● Task goal: Pictures stay out. Everything else in the listing below gets written out exactly.

● Available data:
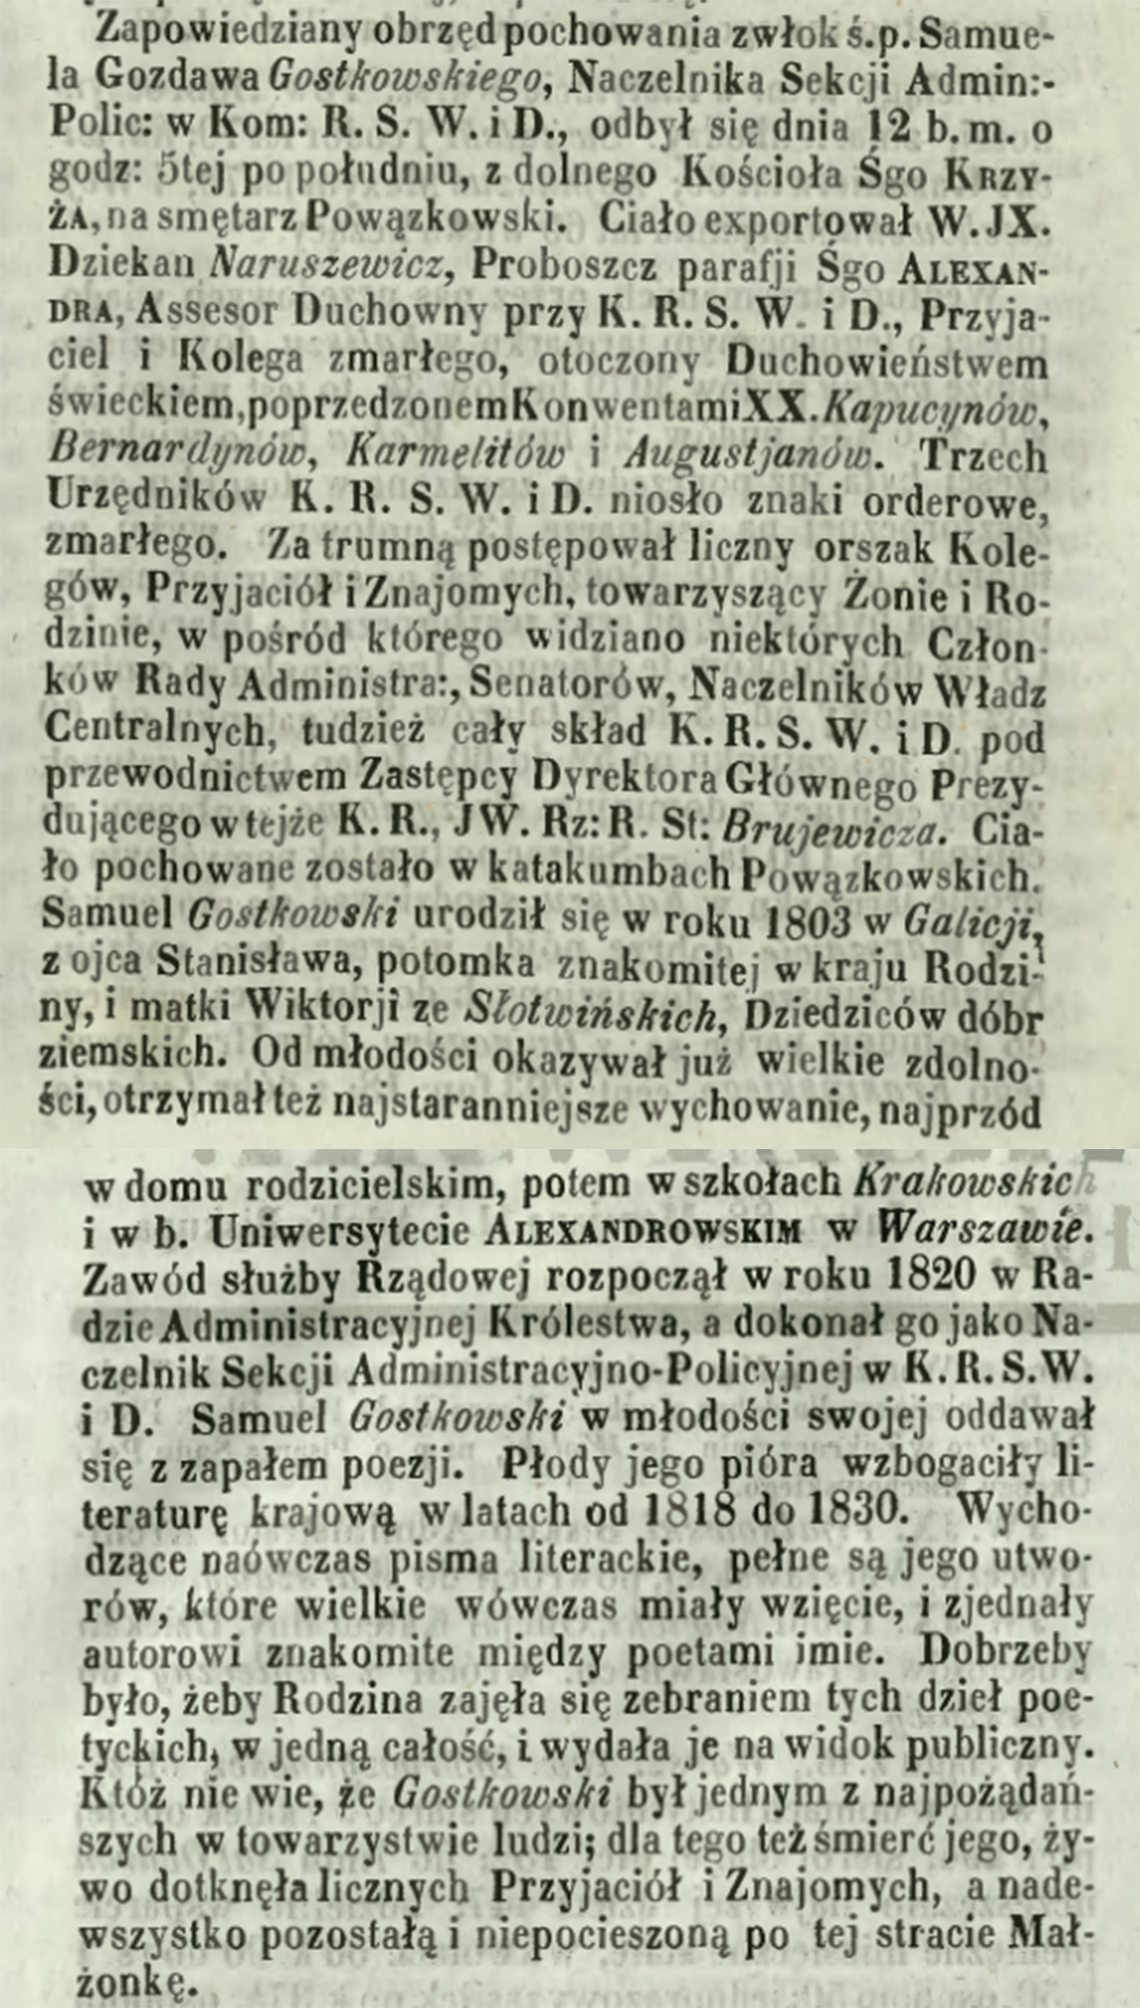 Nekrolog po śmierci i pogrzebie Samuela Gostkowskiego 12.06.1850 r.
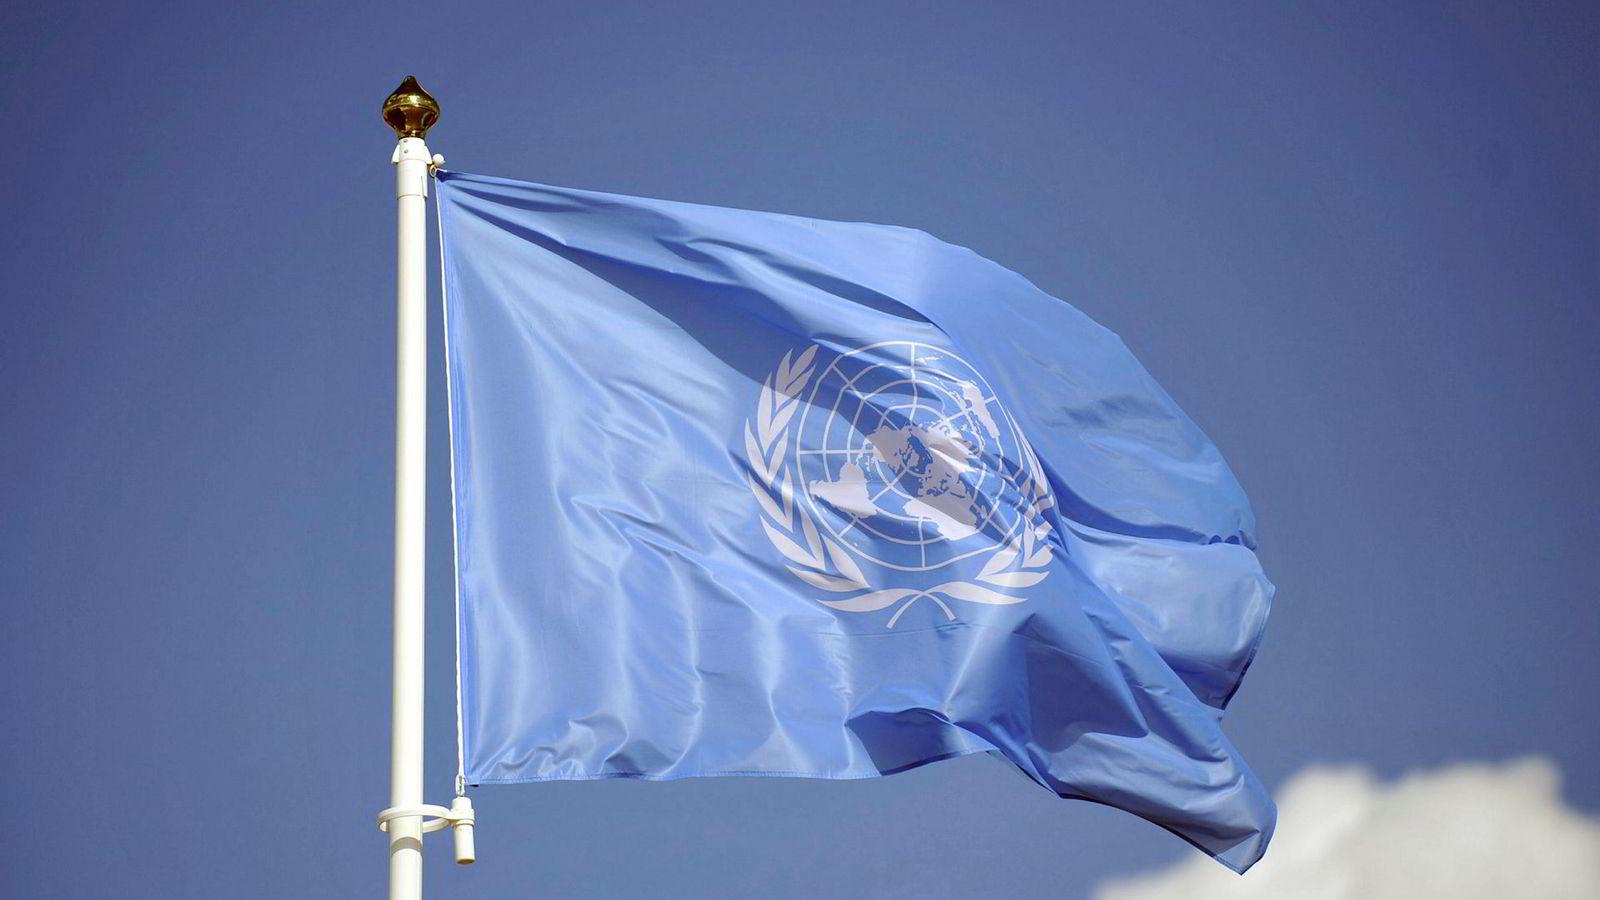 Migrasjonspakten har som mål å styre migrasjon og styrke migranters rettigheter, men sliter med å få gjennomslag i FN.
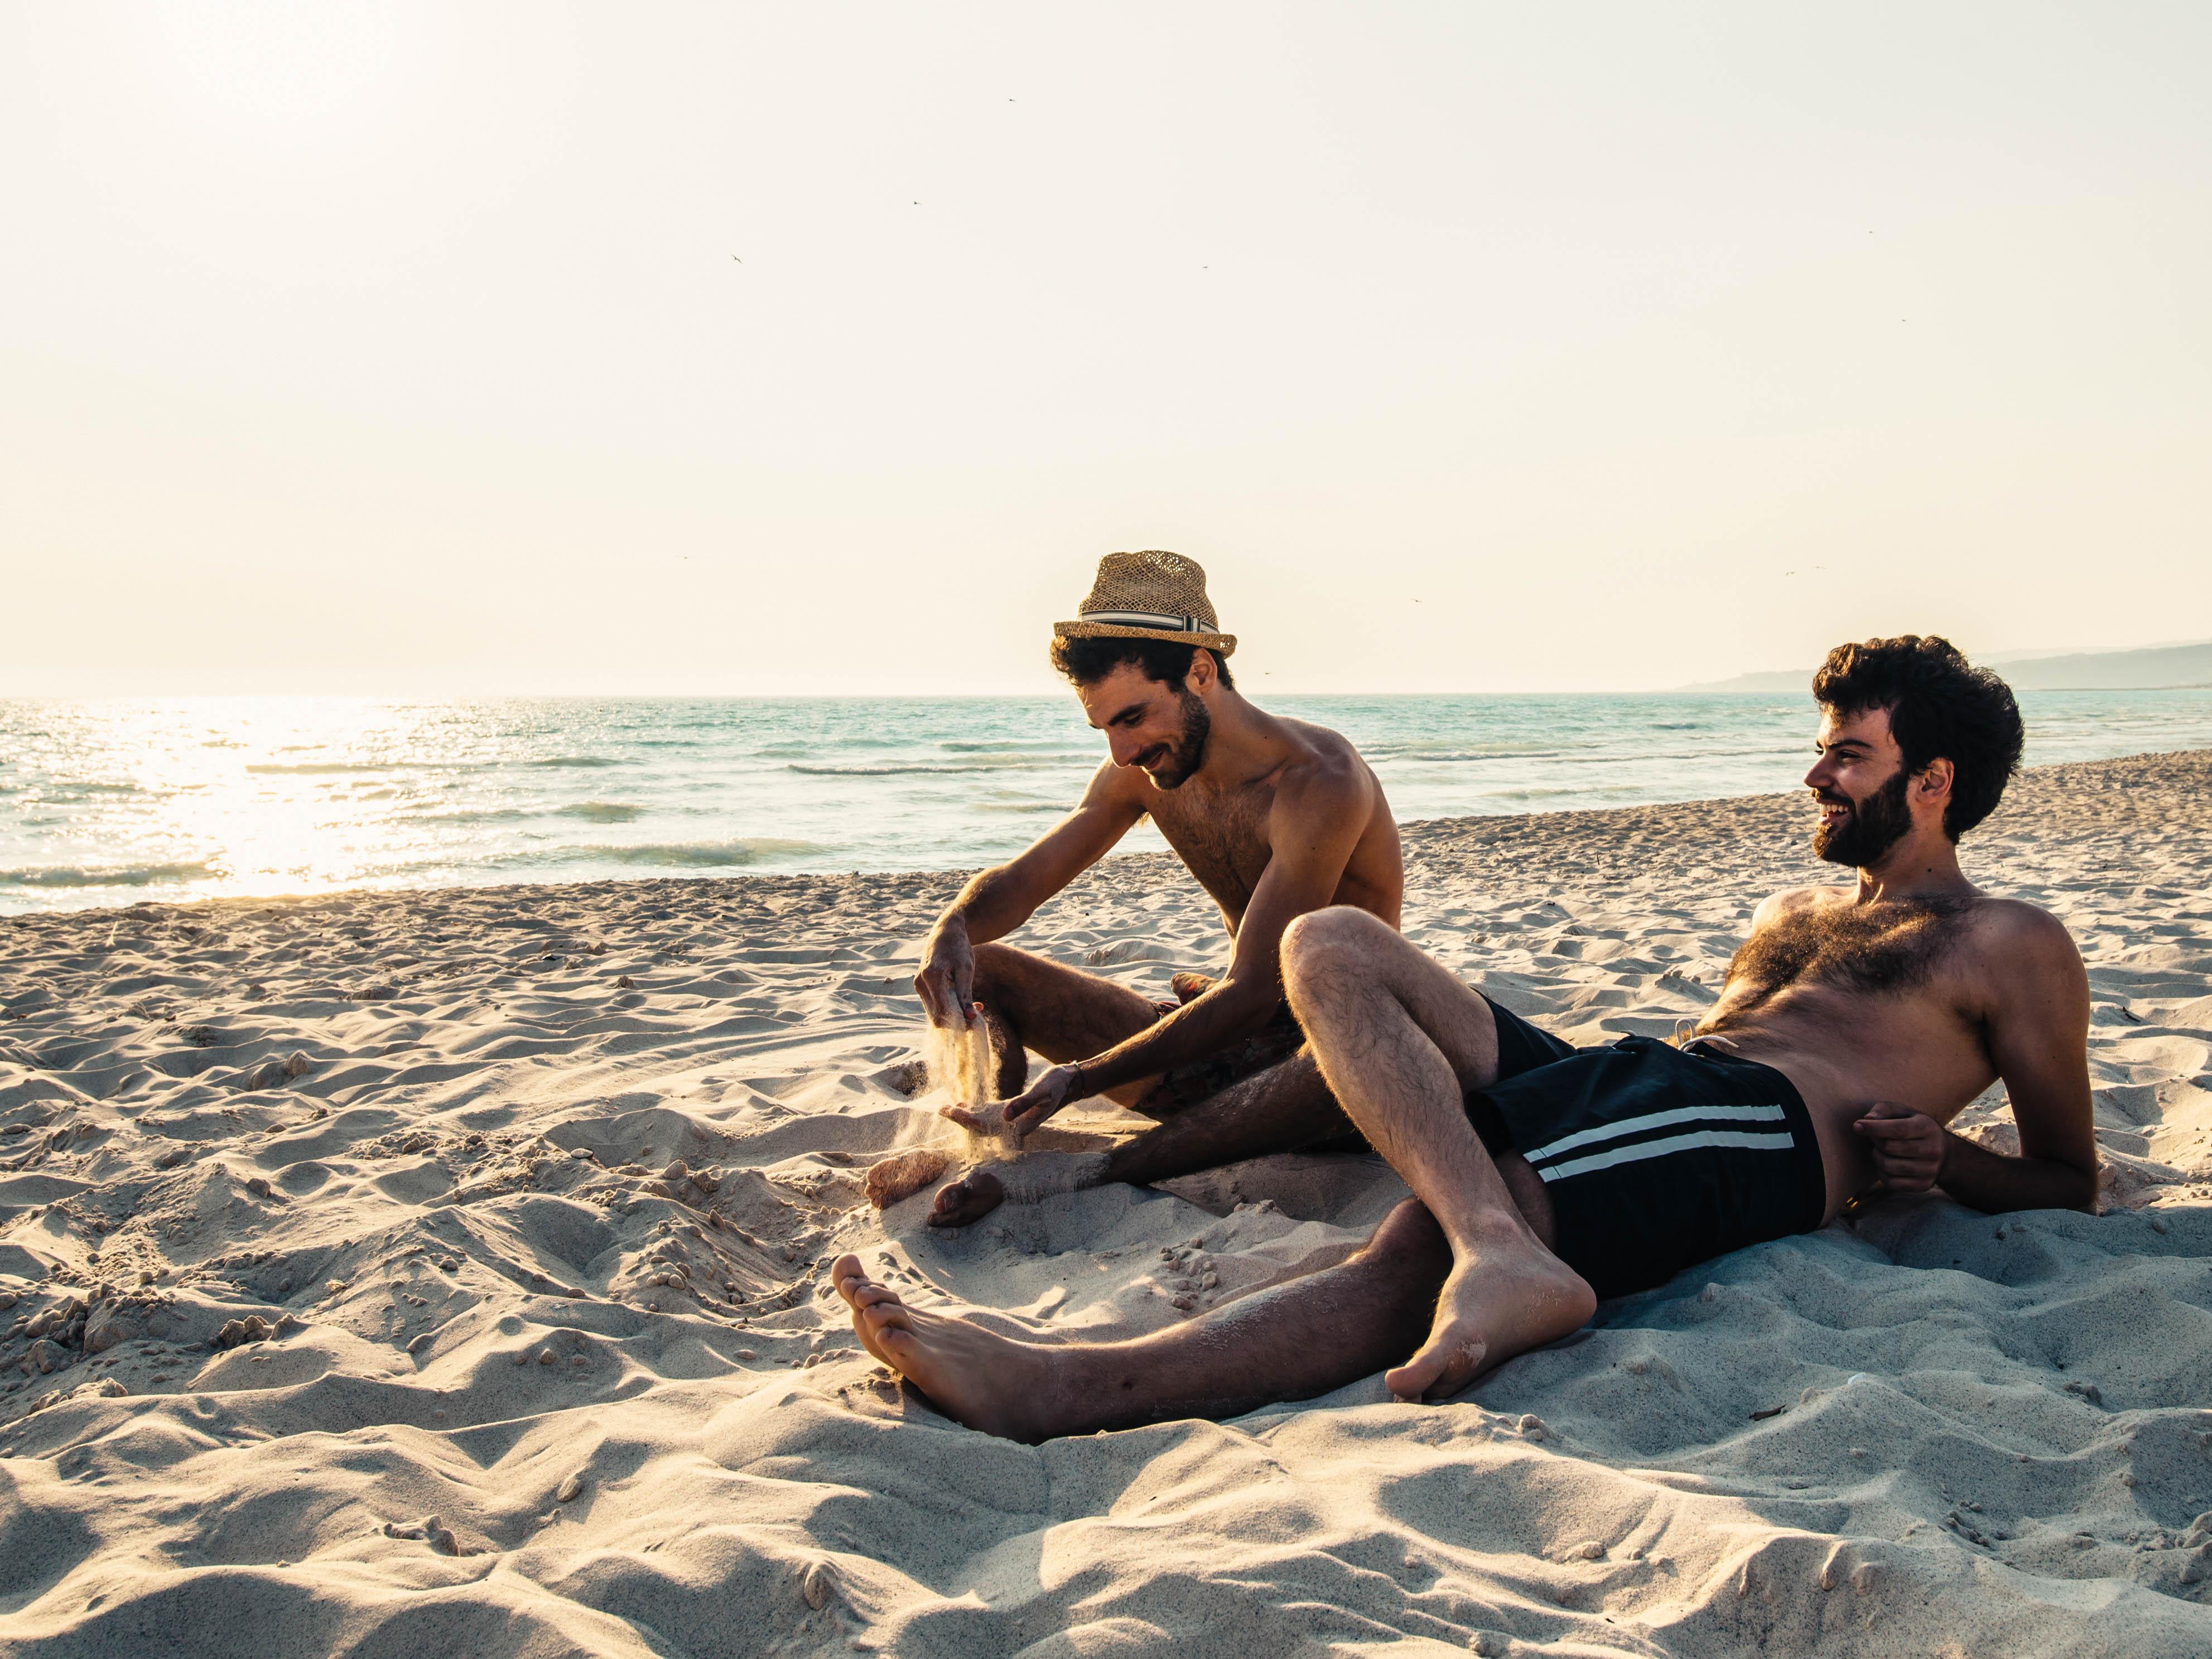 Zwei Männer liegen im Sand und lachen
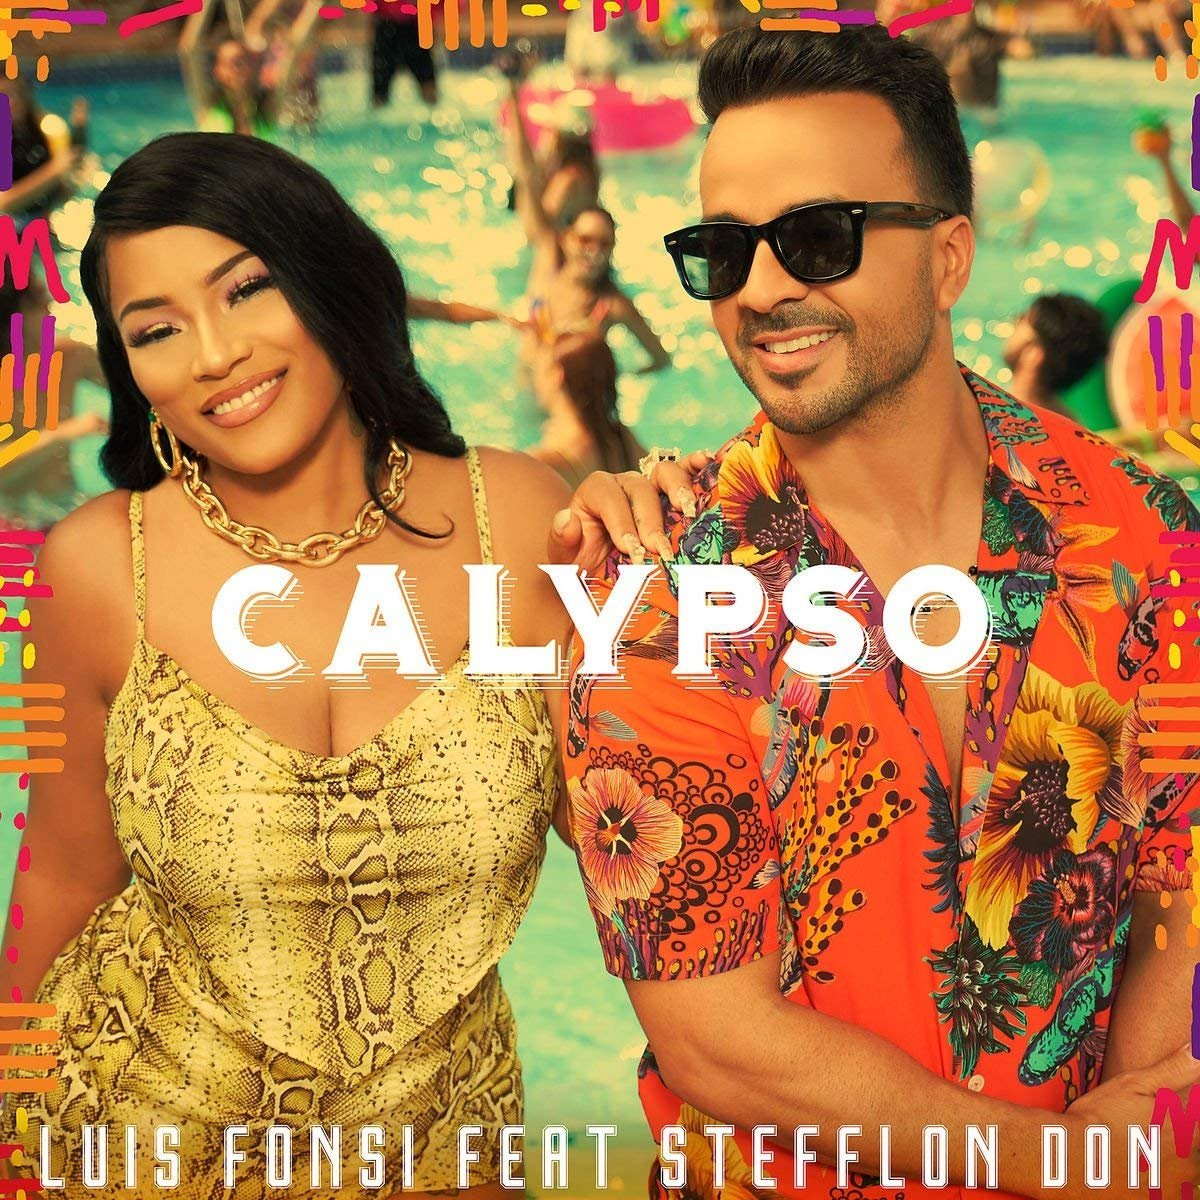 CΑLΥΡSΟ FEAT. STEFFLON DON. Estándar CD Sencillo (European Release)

● Worked solution:
 Nekrolog po śmierci i pogrzebie Samuela Gostkowskiego 12.06.1850 r.
 Migrasjonspakten har som mål å styre migrasjon og styrke migranters rettigheter, men sliter med å få gjennomslag i FN.
 Zwei Männer liegen im Sand und lachen
 CΑLΥΡSΟ FEAT. STEFFLON DON. Estándar CD Sencillo (European Release)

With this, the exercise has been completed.